Andrew Marr last night issued an emotional plea to newspaper bosses to spare frontline reporters from the current round of job cutbacks facing the industry.
Speaking at the annual dinner of the Society of Editors Conference in Bristol, the former BBC political editor said reporting was the lifeblood of “our trade.”
“Fire the columnists, fire whoever you like, but don’t fire the frontline reporters. Our trade is about reporters finding things out and passing on information,” he said.
Andrew also backed Guardian editor Alan Rusbridger’s call for some local newspapers to receive state subsidies to enable them to carry on providing a local news service.

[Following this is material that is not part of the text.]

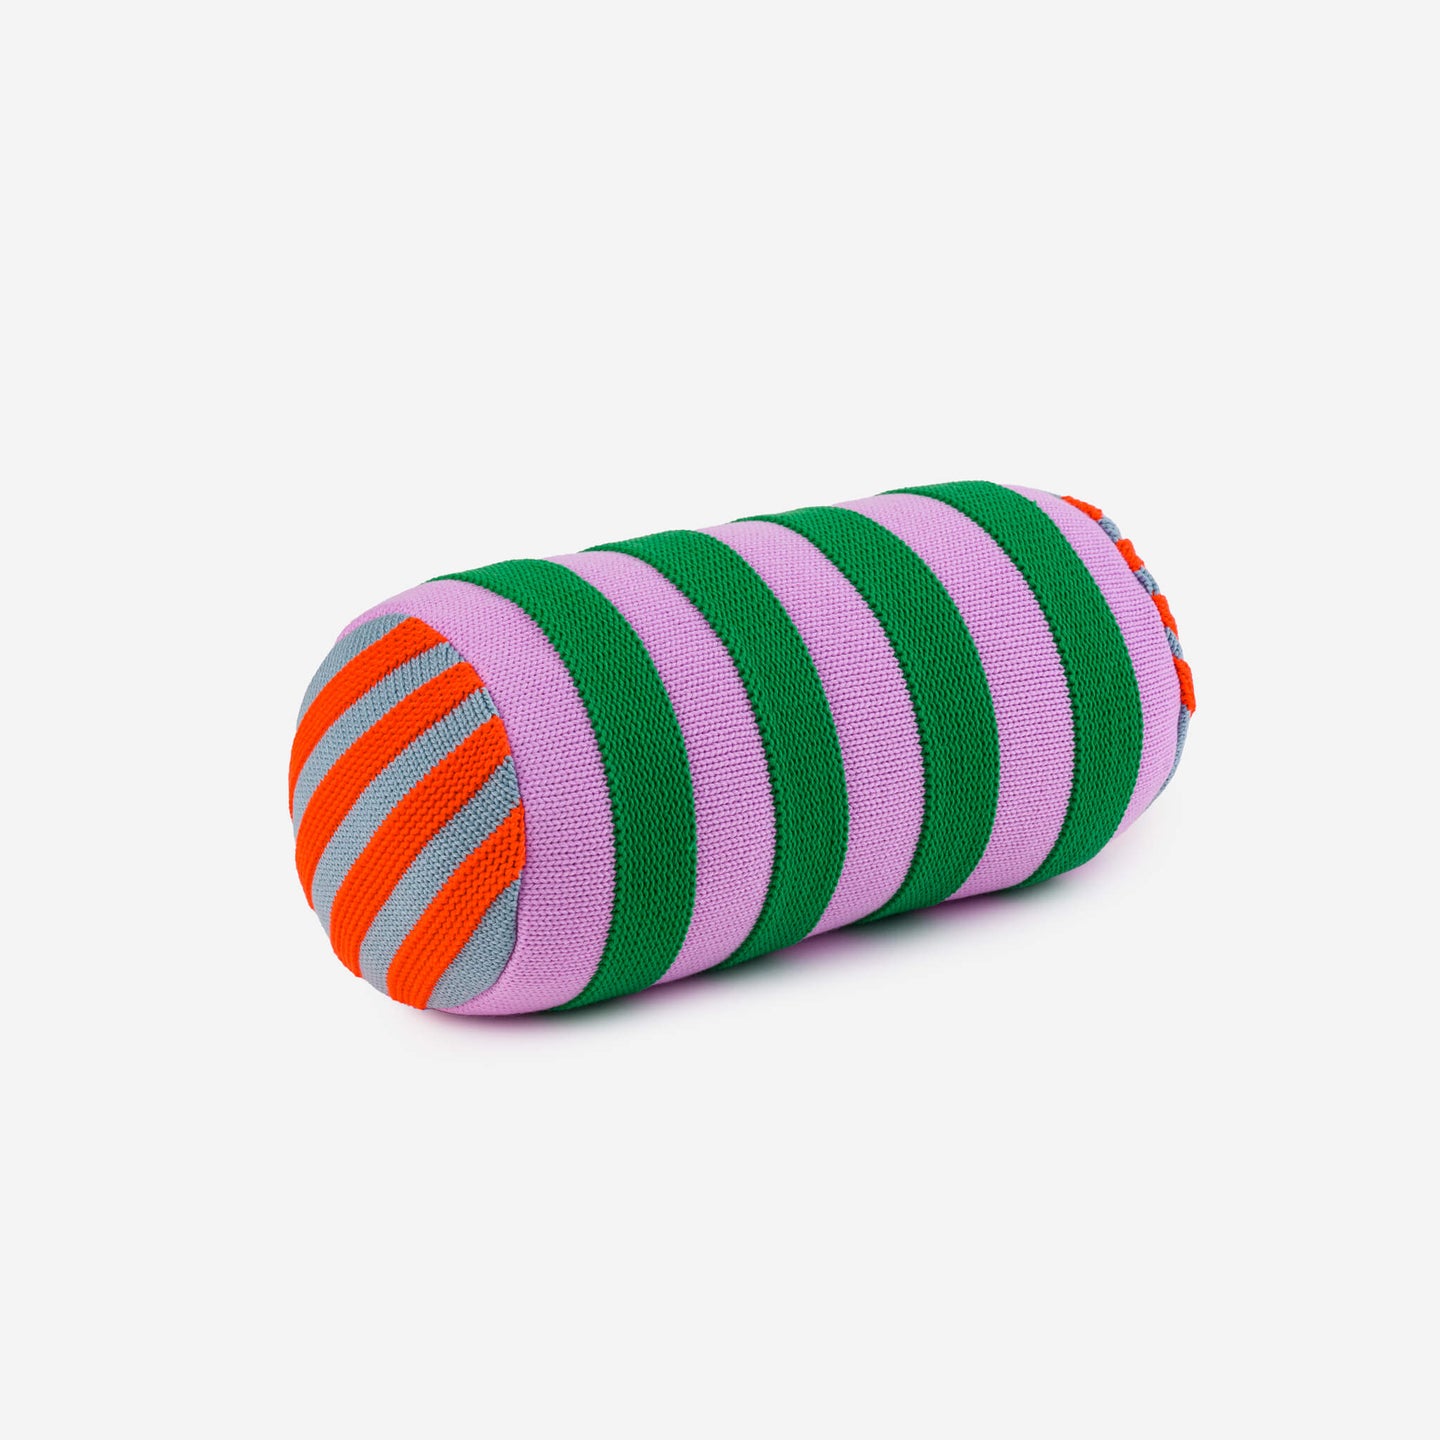 Super Stripe Knit Textured Stripes Bolster Pillow Accent

“All I will say is that public service journalism is very much rooted in local newspaper journalism,” he said.
“If that requires support and subsidy I can’t think of a better cause than helping keep our communities together.”
Andrew handed out the new “Rat up a Drainpipe” award for journalism that has rocked the boat, established in memory of his former lobby colleague Tony Bevins.
The prize went to Deborah Haynes, of The Times, who exposed the plight of Iraqis working as interpreters in the war zone in Basra.
Deborah returned from Iraq especially to receive the cast-bronze award described by Andrew as the heaviest in British journalism.
“Although policy has changed and those interpreters are being helped it is still woefully insufficient and there are still stories to be told,” she said.
Andrew said there had been some “wonderful” entries for the prize adding: “Some of the most extraordinary entries came from local newspapers.”
Without naming the paper involved he cited one story about groups of gypsies being treated as virtual “slave labour.”
Mr_Osato (11/11/2008 10:50:47)
No, keep the (better) columnists and the subs. Fire the videographers and, most of all, the penpushers, beancounters and managers. Then we’ll have a chance.
Jo Wadsworth (11/11/2008 12:43:17)
Marr’s namecheck of the the local newspaper could have got lost in translation – I think he may well have been referring to Basildon Echo Jon Austin’s amazing investigative report into how runaways, down-and-outs and drug addicts are blackmailed into “slavery” at travellers sites in Essex: http://devel.echo-news.co.uk/news/slavelabour/
BOF (11/11/2008 12:55:49)
`Interpretors,’ shurely shome mishtake. Ed
richard meredith (11/11/2008 13:07:14)
Good for Andrew Marr, Alan Rusbridger and others for putting the case for local journalism to go back to its local roots. Funny how what’s goes around comes around. Look back in the library archives and that’s what you’ll find – local papers that were run by local families and full of local news. And now history is repeating itself. Why? – because we all want to feel ‘a sense of belonging’. The focal points of our communities are disappearing; the church has no congregation, the pubs are closing, and the local newspaper – and its reporters – have been asked to become all things to all men in the pursuit of profit for far-away conglomerates. It’s time to go back to the knitting and learn another lesson from history.